I would prefer a much more sanitized version where a big pickle named Larry marches around a wall and those French peas get their comeuppance. (If you haven’t watched Veggie Tales you’re probably really confused right now). This isn’t a sanitized version. This is brutal. And I don’t think we can really escape behind saying that Joshua and his dudes were bloodthirsty tyrants who wanted to conquer land and then later on blamed God for it.
I mean, you can go that route—but you’re now guilty of doing the same thing to the text that Joshua did to the Canaanites. We have to wrestle with passages like this. To make it even more difficult you’ve got a verse like Joshua 11:20,
20 For it was the Lord’s doing to harden their hearts that they should come against Israel in battle, in order that they should be devoted to destruction and should receive no mercy but be destroyed, just as the Lord commanded Moses.
I don’t have a simple answer for all of this. But I think I can get in the ballpark of what is happening here. I think the answer is found at the end of Joshua 11:23. “…And the land had rest from war.” Somehow, that is where all of this is heading. Proverbs 2:21-22, written quite a few years after the conquest, is also part of the answer.
“The land” is a reference to the Promised Land. That goes back to the promise to Abraham—which really goes back to the Garden of Eden. When the first couple was cast out of the garden it’s a picture of what you read in Proverbs 2:22. The wicked are “cut off from the land”. They are divested of their inheritance. They now must live where the wild things are.
But God’s grace is great. God pursues humanity in the wilderness. One of the threads that runs throughout the Bible is God’s work to bring us back into the land. It culminates in the new heaven and new earth. God is rescuing a people, giving them purpose, and planting them in a place. But it sure is bumpy getting there.
I don’t know what to make of all the slain bodies which once inhabited the promised land. Yeah, I can hide behind some theological explanations but at the end of the day, if I’m honest, it still leaves me a bit unsettled. And it should. What leaves me really unsettled is that I’m not one who is “upright” or who has “integrity”. I’m the wicked and the treacherous.
I don’t deserve the land. Neither do you. None of us do. That is also part of the story of the Old Testament. It’s why you see the people of Israel booted out of the land and cast into exile. It’s why you see them come back into the land and then ultimately reject the Messiah. And it’s why you see the destruction of the temple in 70AD and the global purpose of God begin to unravel even more.
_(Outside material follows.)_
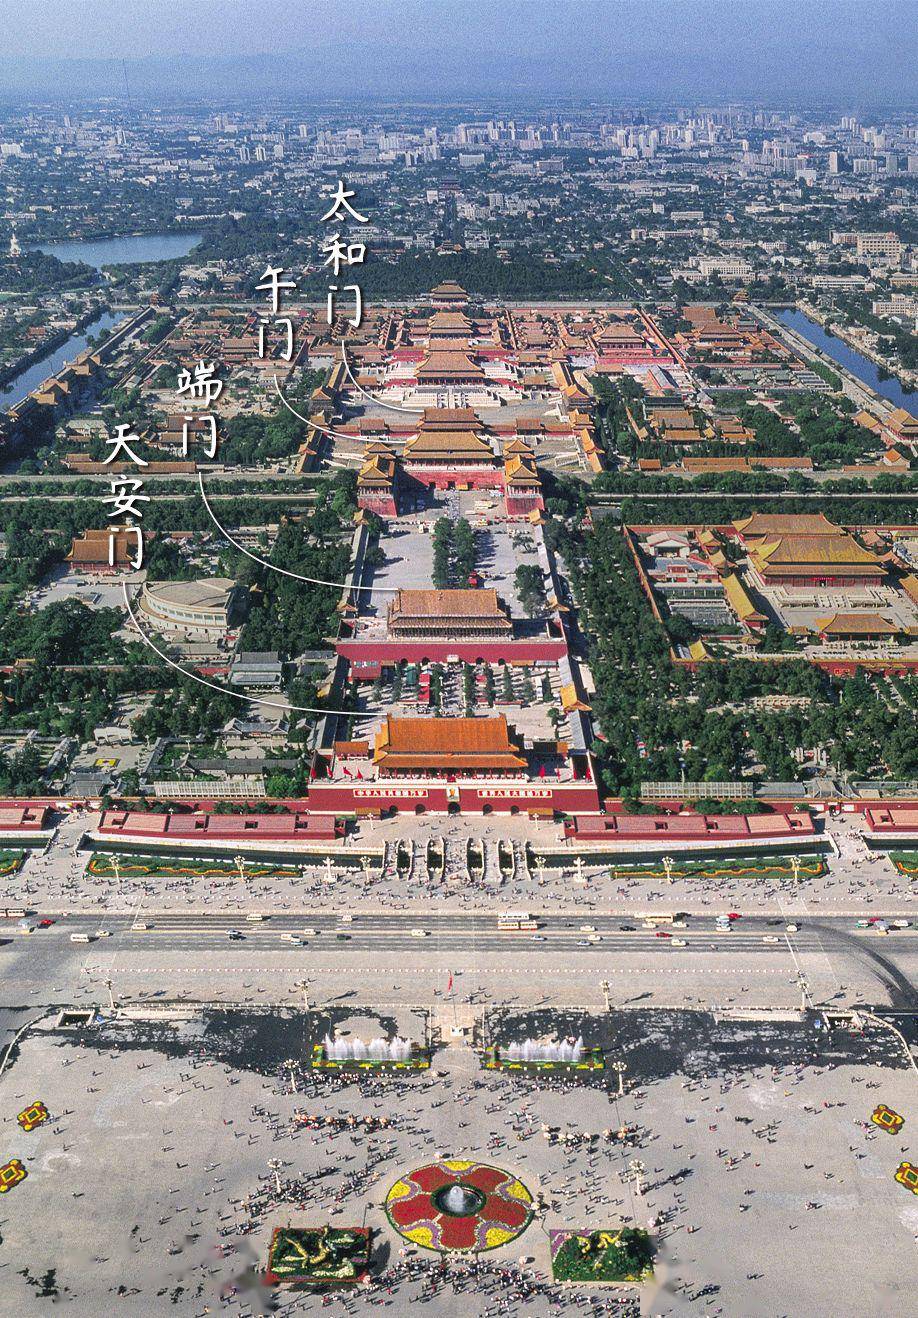 什么是北京四合院?
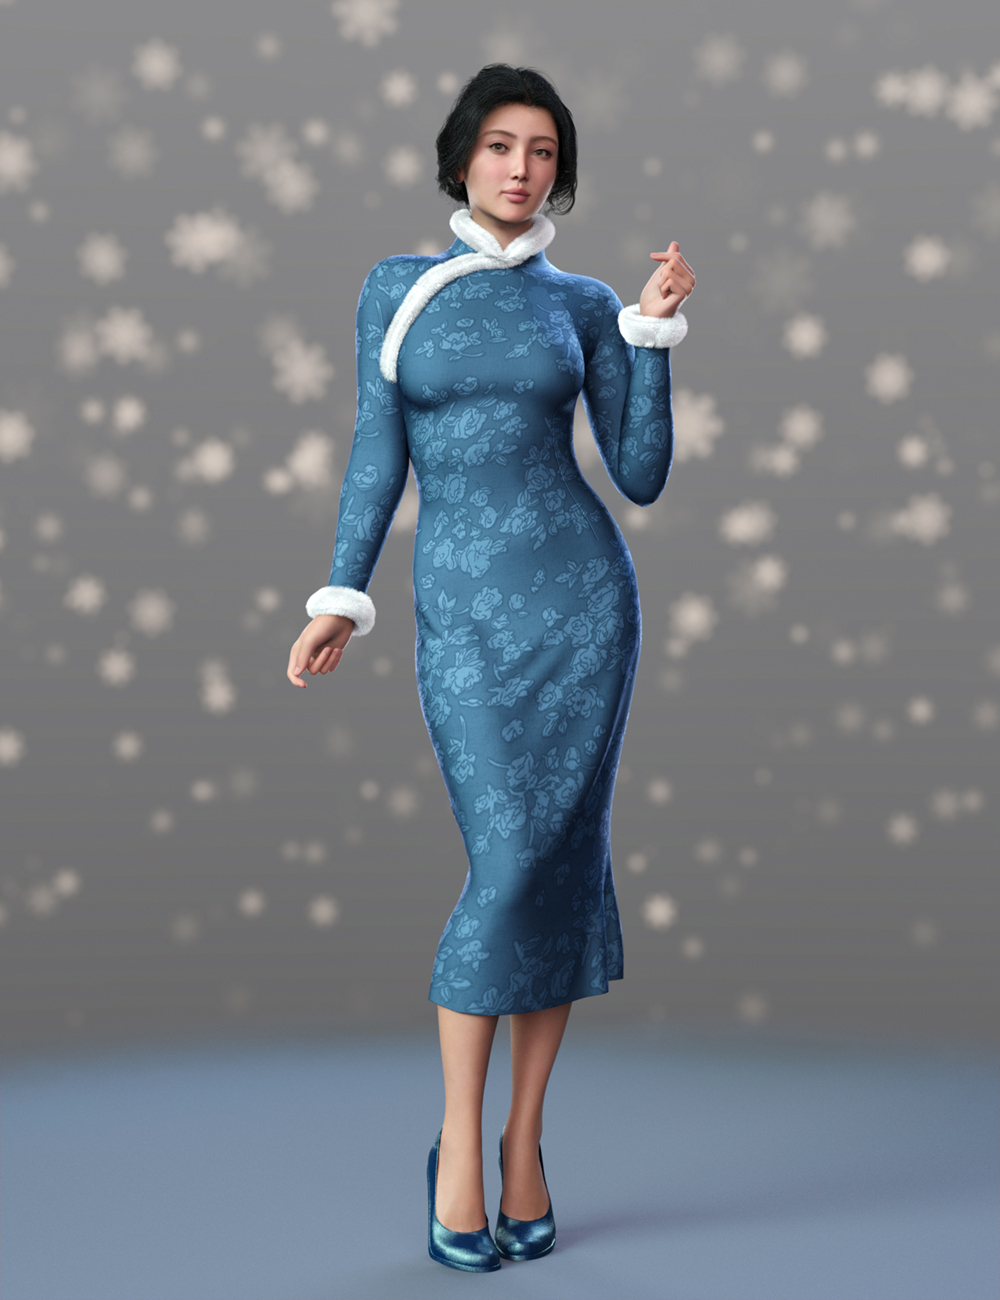 dForce MK Winter Cheongsam Dress for Genesis 9 by: wsmonkeyking, 3D Models by Daz 3D

The only one who is upright and truly has integrity is the Lord Jesus. He inherits the land. We don’t. Our only hope is that we’re connected to Him—through His graciously drawing us to himself. He’s the Boaz who becomes our kinsman Redeemer. And because of our union with Him—His home becomes our own. I don’t get that. I don’t understand why I’m not one of the slain bodies in the wilderness.
Grace is really the only answer that I have.
And I don’t really understand it. I don’t think I’m meant to. This is why John would say in 1 John 3:1, “What other worldly love is this that we would be called children of God, and so we are”. I marvel at this. We inherit what we didn’t earn.